As he toured the country before the formal announcement of his presidential bid on Wednesday, Florida Governor Ron DeSantis regaled crowds with the story of his surprising re-election victory last year in sprawling, largely Hispanic Miami-Dade County.
It was the first time a Republican had won the Democratic-leaning county in 20 years, and DeSantis did it by winning 62% of the Hispanic vote.
That victory in 2022 is raising hopes among some Republicans about how DeSantis could perform in the 2024 presidential contest among Hispanic voters nationwide. Those voters comprise almost 15% of the U.S. electorate and have skewed Democratic in past presidential elections.
“People are tired of being told that because you are born a certain way, you must vote a certain way,” said Kevin Cooper, vice-chairman of the Miami-Dade Republican Party, which helped get out the vote for DeSantis.
DeSantis’ advisers did not respond to requests for comment on his strategy with regard to Hispanic voters.
But more than a dozen Republican and Democratic operatives described a multi-pronged approach that relied on outreach to Latinos who traditionally voted Democratic, messaging on economic opportunity in the wake of the pandemic and aggressive use of Spanish-language media.
DeSantis’ victory showed “that when Republicans focus on Latino engagement and they connect and are comfortable in a roomful of Latinos, they will get a response,” said Daniel Garza, president of the LIBRE initiative, a nationwide effort that seeks to bring Latinos into the conservative fold.
DeSantis found success with Hispanics in Florida even as he positioned himself as an immigration hardliner who champions border security and derides so-called “sanctuary cities.”
In September, he arranged for two planeloads of Venezuelan migrants to be flown from Texas to Massachusetts. This month, he signed a new state immigration measure that provides more money for migrant relocation and requires certain employers to verify a worker’s immigration status.
The moves brought criticism from Democrats and some Latino advocacy groups, but DeSantis has maintained in speeches that Hispanic voters want strong enforcement of federal immigration laws.
A Pew Research Center poll found that less than half of Hispanics surveyed said there is a significant difference between the two political parties, particularly among younger voters, suggesting loyalty may come down to the side that works harder for their vote.
“It concerns me,” said Chuck Rocha, a Latino strategist who advised Bernie Sanders’ presidential campaign. “It should concern any Democrat.”
Tough to replicate?
Rocha and other Democrats have their doubts, however, about whether DeSantis can replicate his success in states with large Hispanic populations such as Arizona and Nevada where Democrats won two competitive U.S. Senate seats in 2022 and Biden prevailed by razor-thin margins in 2020.

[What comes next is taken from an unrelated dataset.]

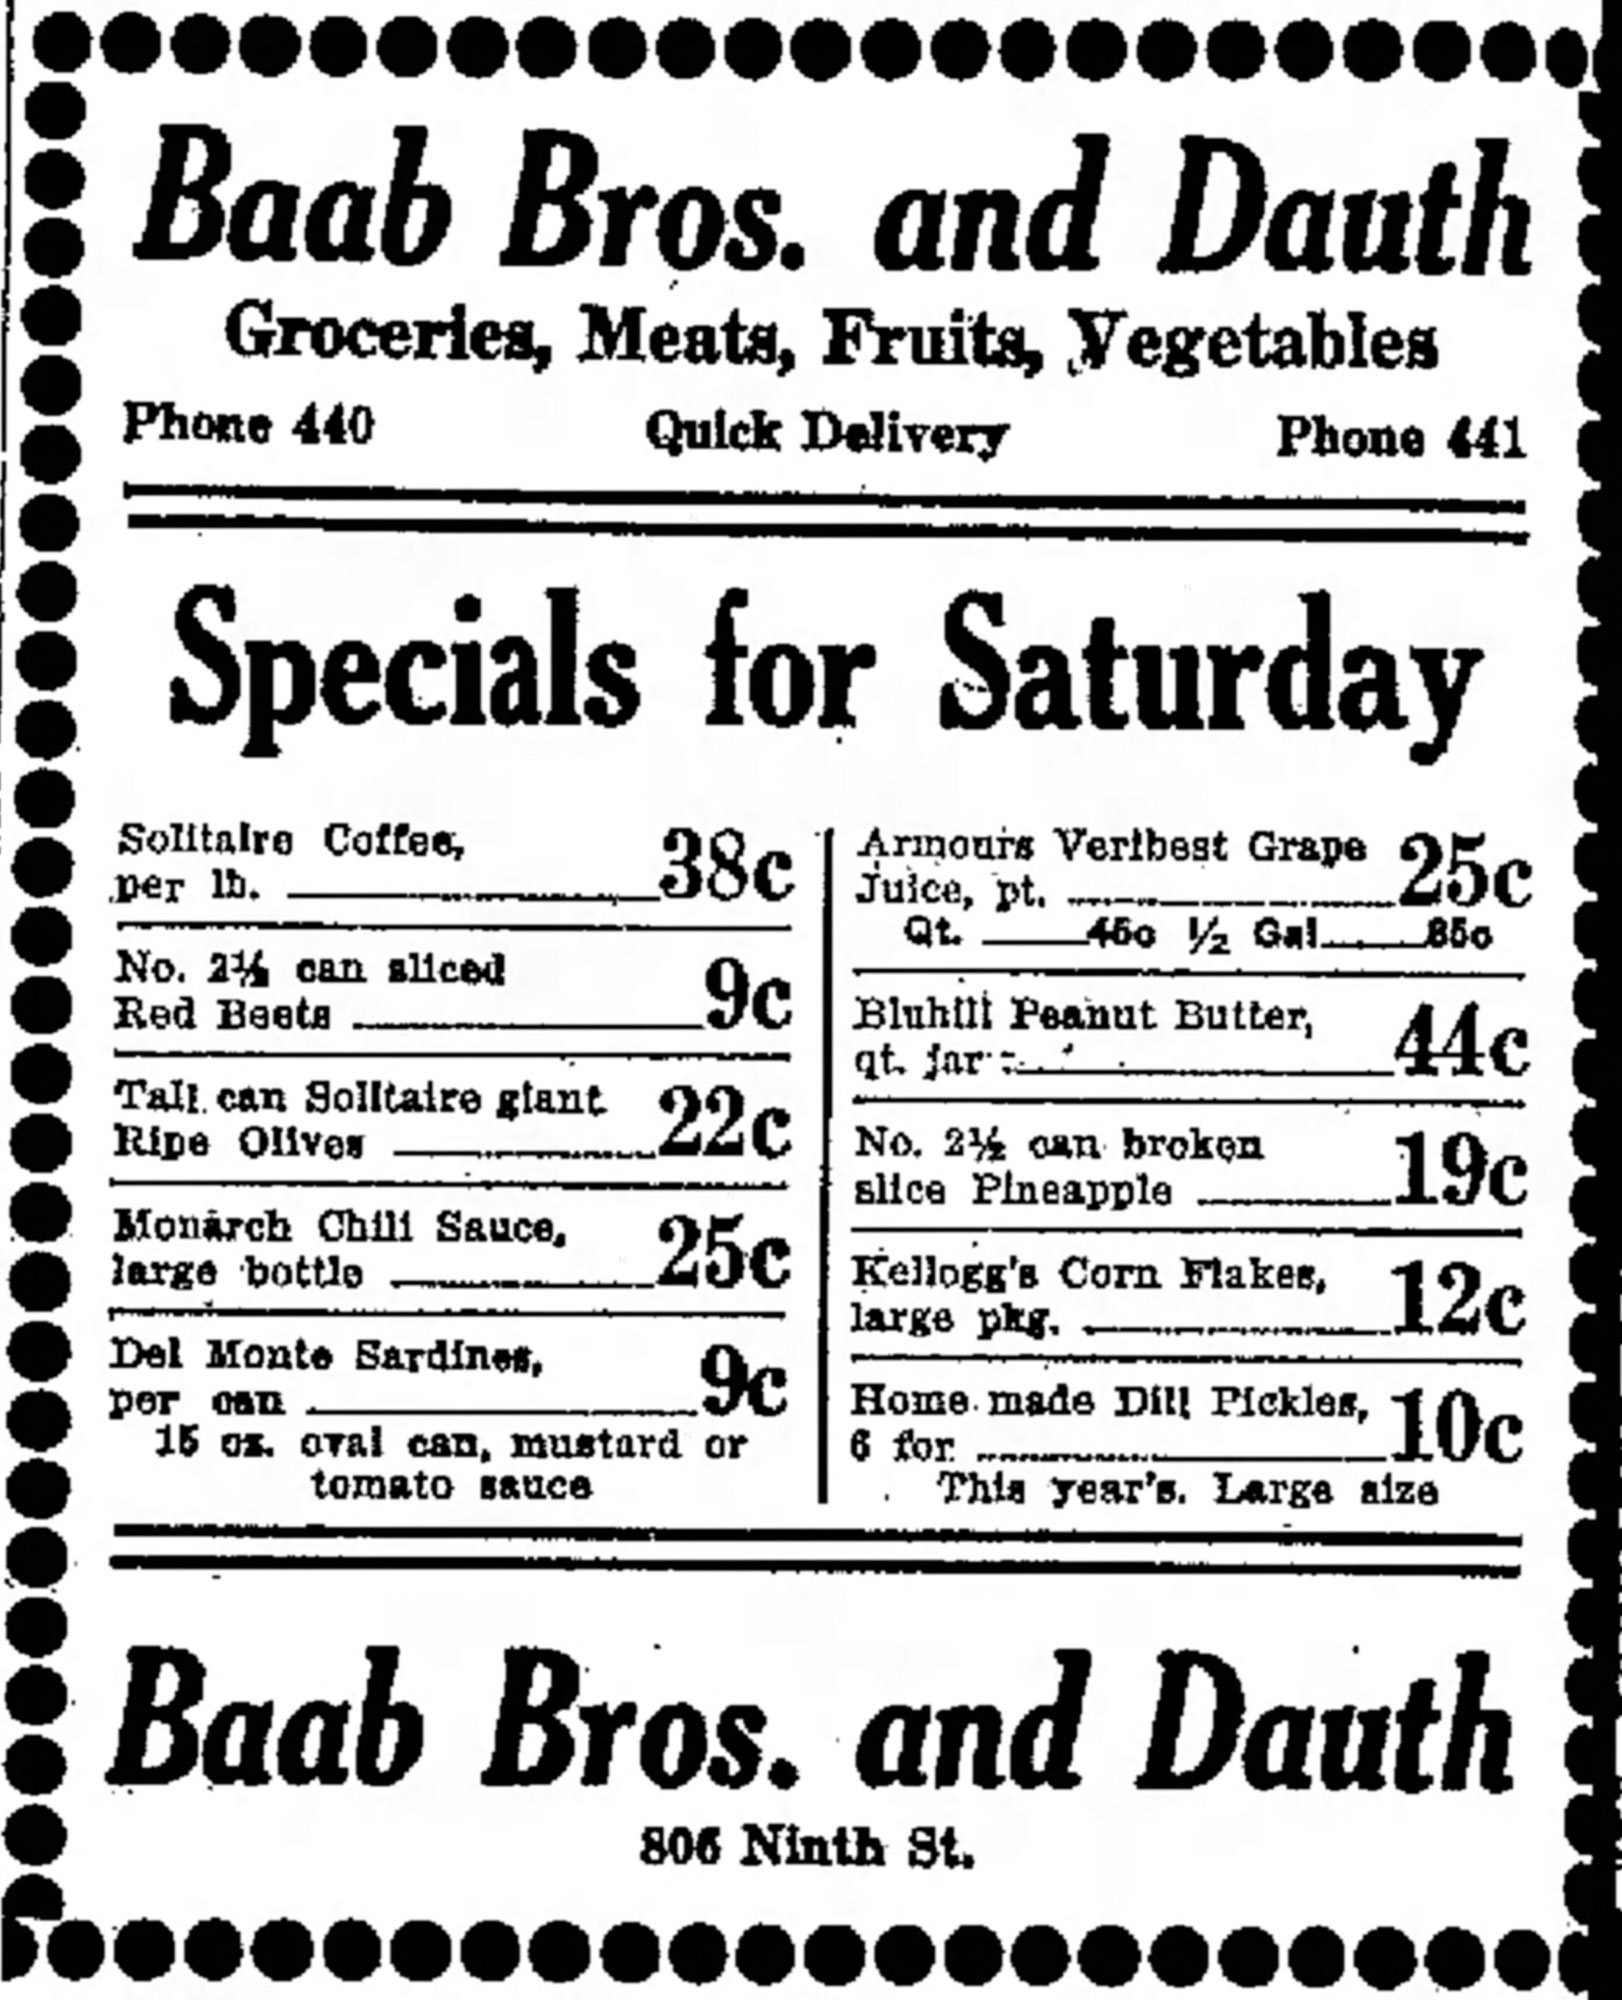 Dauth Family Archive - 1931-08-28 - Greeley Daily Tribune - Baab Bros and Dauth Advertisement
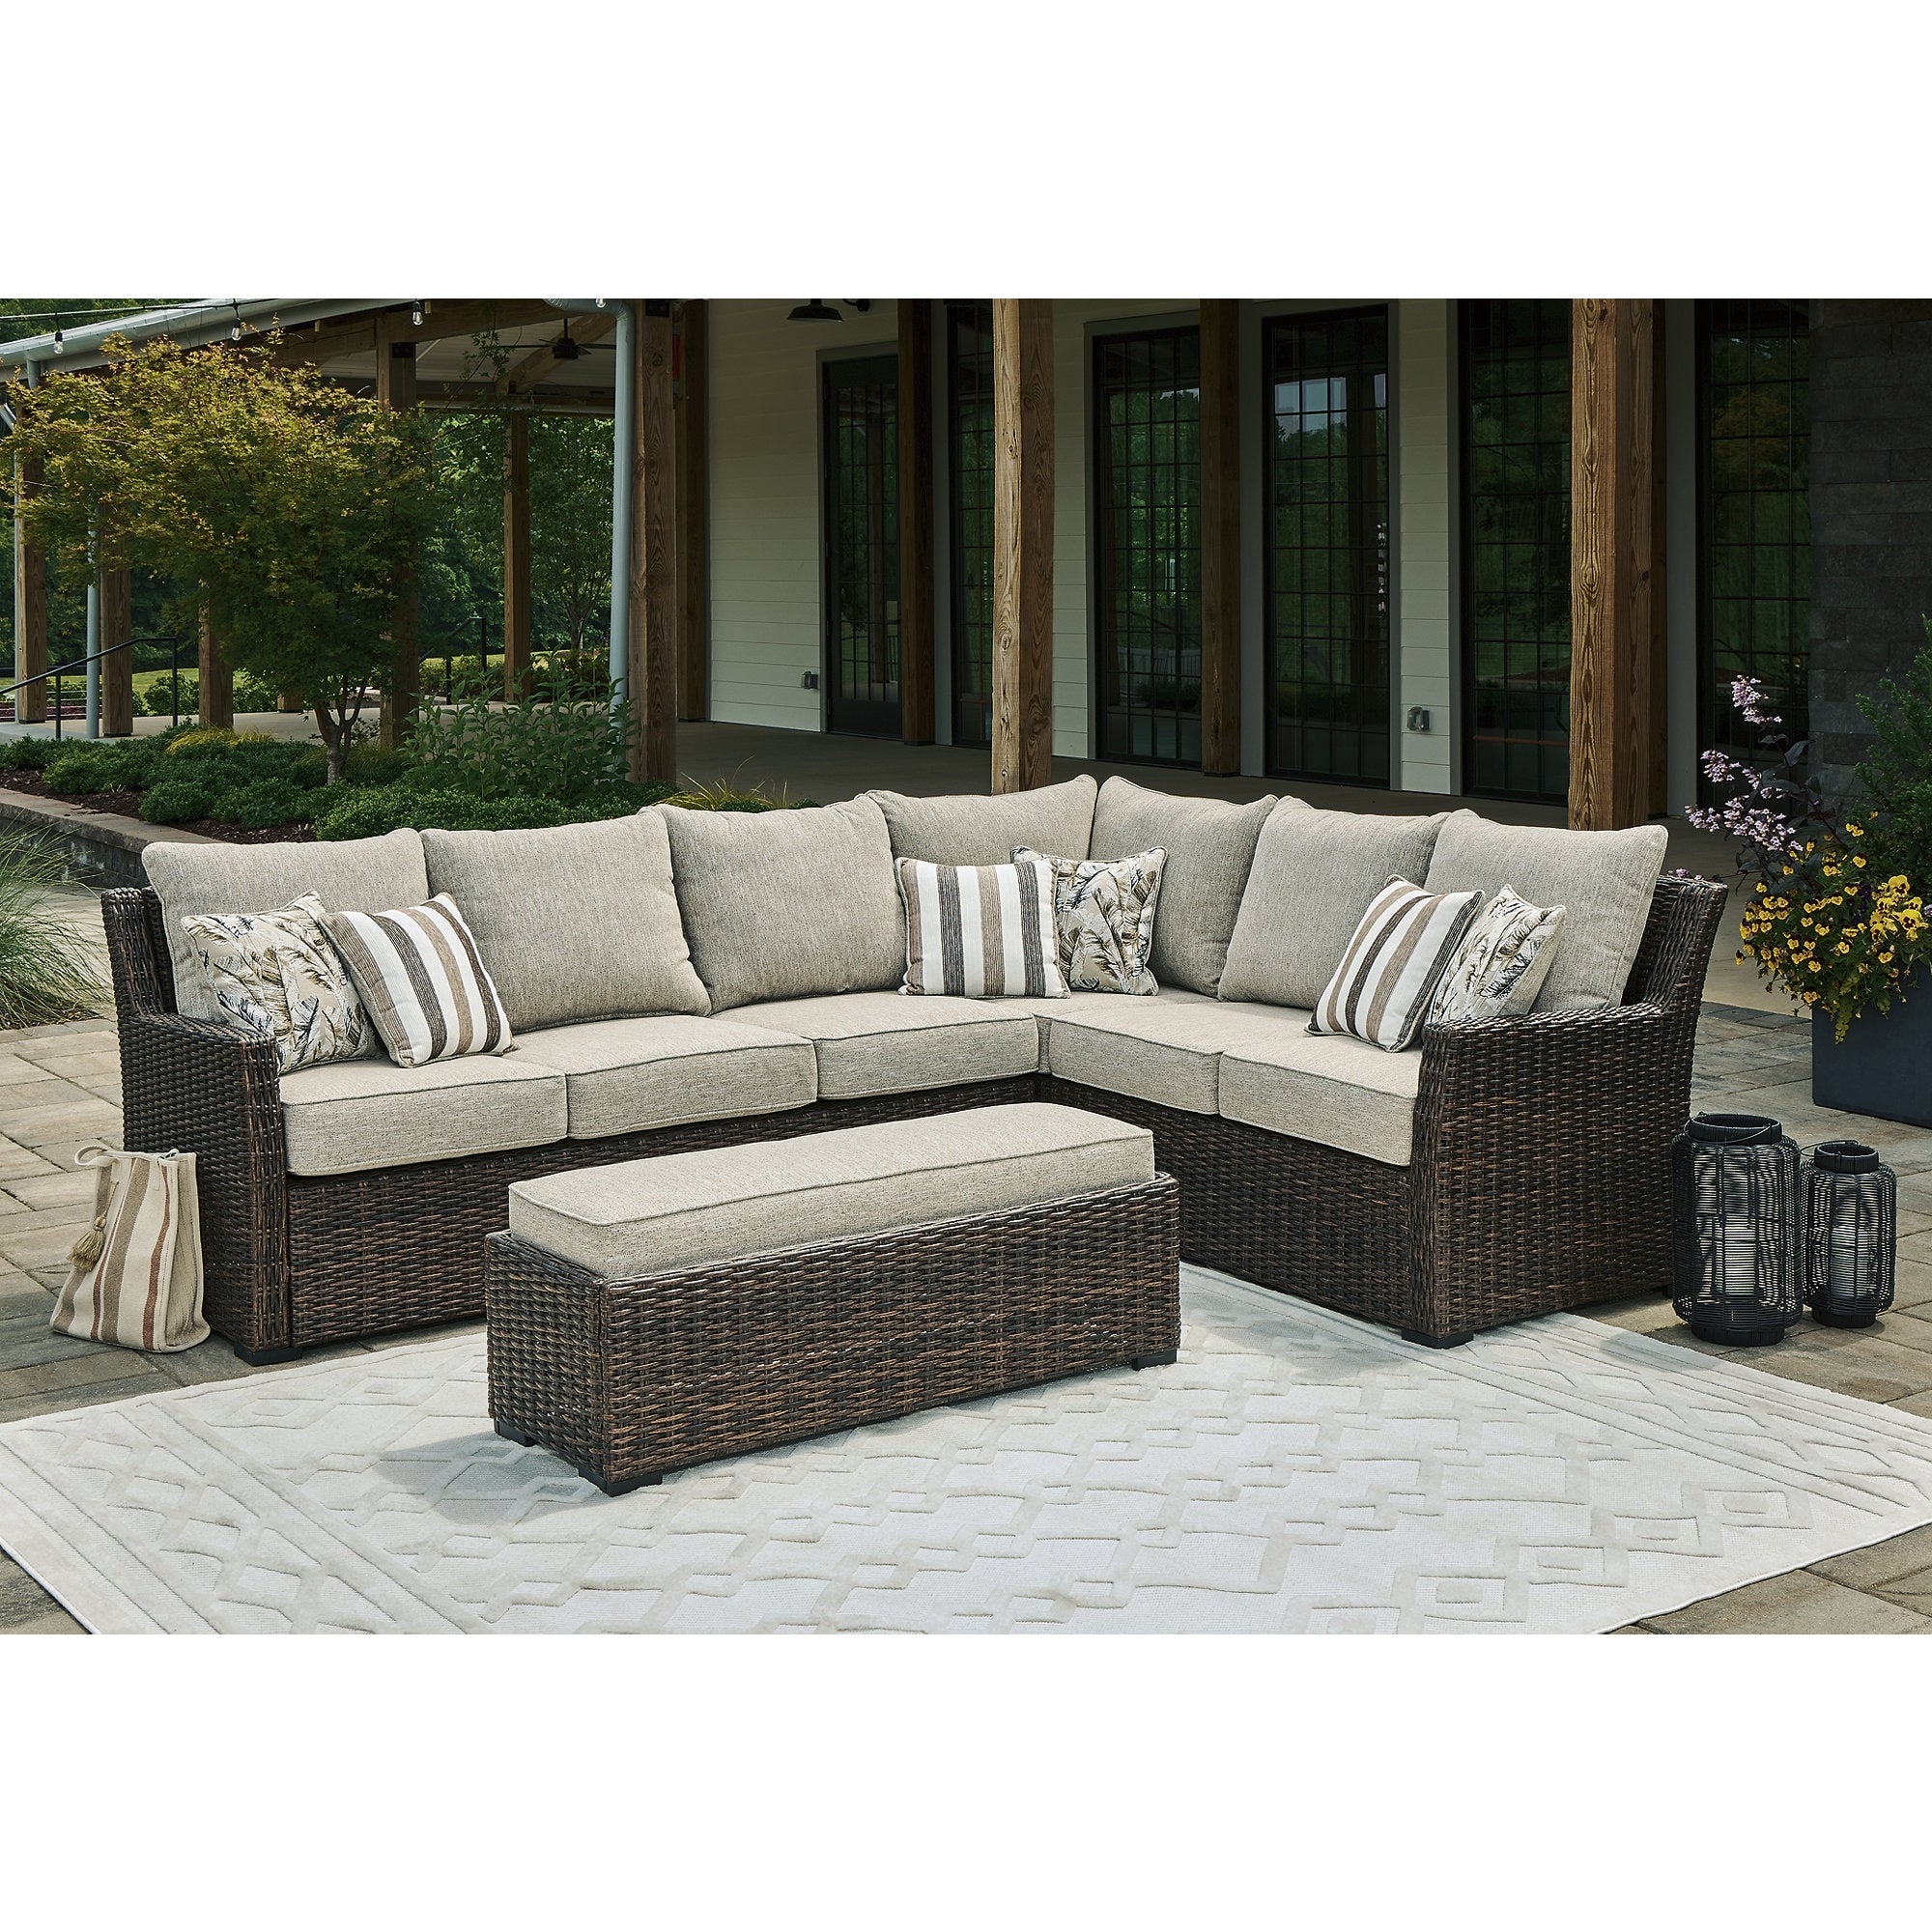 Signature Design by Ashley Brook Ranch Brown Outdoor Sofa Sectional/Be ...

They point to the demographics of South Florida, with its large, conservative-leaning Cuban population.
“This is a very Miami phenomenon,” said Fernand Amandi, a Democratic pollster and consultant in Miami. “That’s not going to play in San Diego or Los Angeles or Phoenix.”
Mexican voters have largely been aligned with Democrats since the 1960s, while Cuban-Americans fleeing the Castro regime tended to support Republicans who took a hard line against Communism.
But South Florida more recently has been home to waves of new emigres from Venezuela, Colombia and Nicaragua, who have no such loyalties and were viewed by Republicans as up for grabs.
DeSantis made an effort to conduct roundtable discussions in those communities and frequently commented on the internal politics of their home countries.
He outraised his Democratic opponent, Charlie Crist, by more than 6 to 1, and also ended up winning the majority of the Puerto Rican vote statewide.
At a political event in Iowa earlier this year, DeSantis said he didn’t win over Hispanic voters by appealing to their ethnicity. “We treated everyone as Americans,” he said. “We share the same values.”
In the 2020 presidential election, Donald Trump pulled a larger share of the Hispanic vote – 32% – than any Republican since President George W. Bush in 2004, with Latino working-class men, in particular, defecting in large numbers.
Roberto Suro, an expert on Latino politics at the University of Southern California, said segments of the Latino electorate in recent years are beginning to behave more like their white counterparts, with working-class voters and evangelicals being drawn toward Republicans.
An economy-focused message such as DeSantis’ could pull in Latino votes in other states, Suro said.
Democrats say DeSantis’ insistence on keeping businesses and school open and opposing vaccine mandates during the COVID-19 pandemic likely appealed to middle-class and working-class Hispanic voters who could not afford to stay home and have their kids out of school and who otherwise might not have supported a Republican candidate.
Republicans contend that DeSantis’ staunch opposition to progressive education policies around race and gender also resonated with many culturally conservative Latino voters.
“Democrats were stepping on rakes on every cultural issue imaginable,” said Giancarlo Sopo, a Cuban-American Republican consultant from South Florida.
DeSantis, he said, “had the right cultural message and certainly the right economic stance.”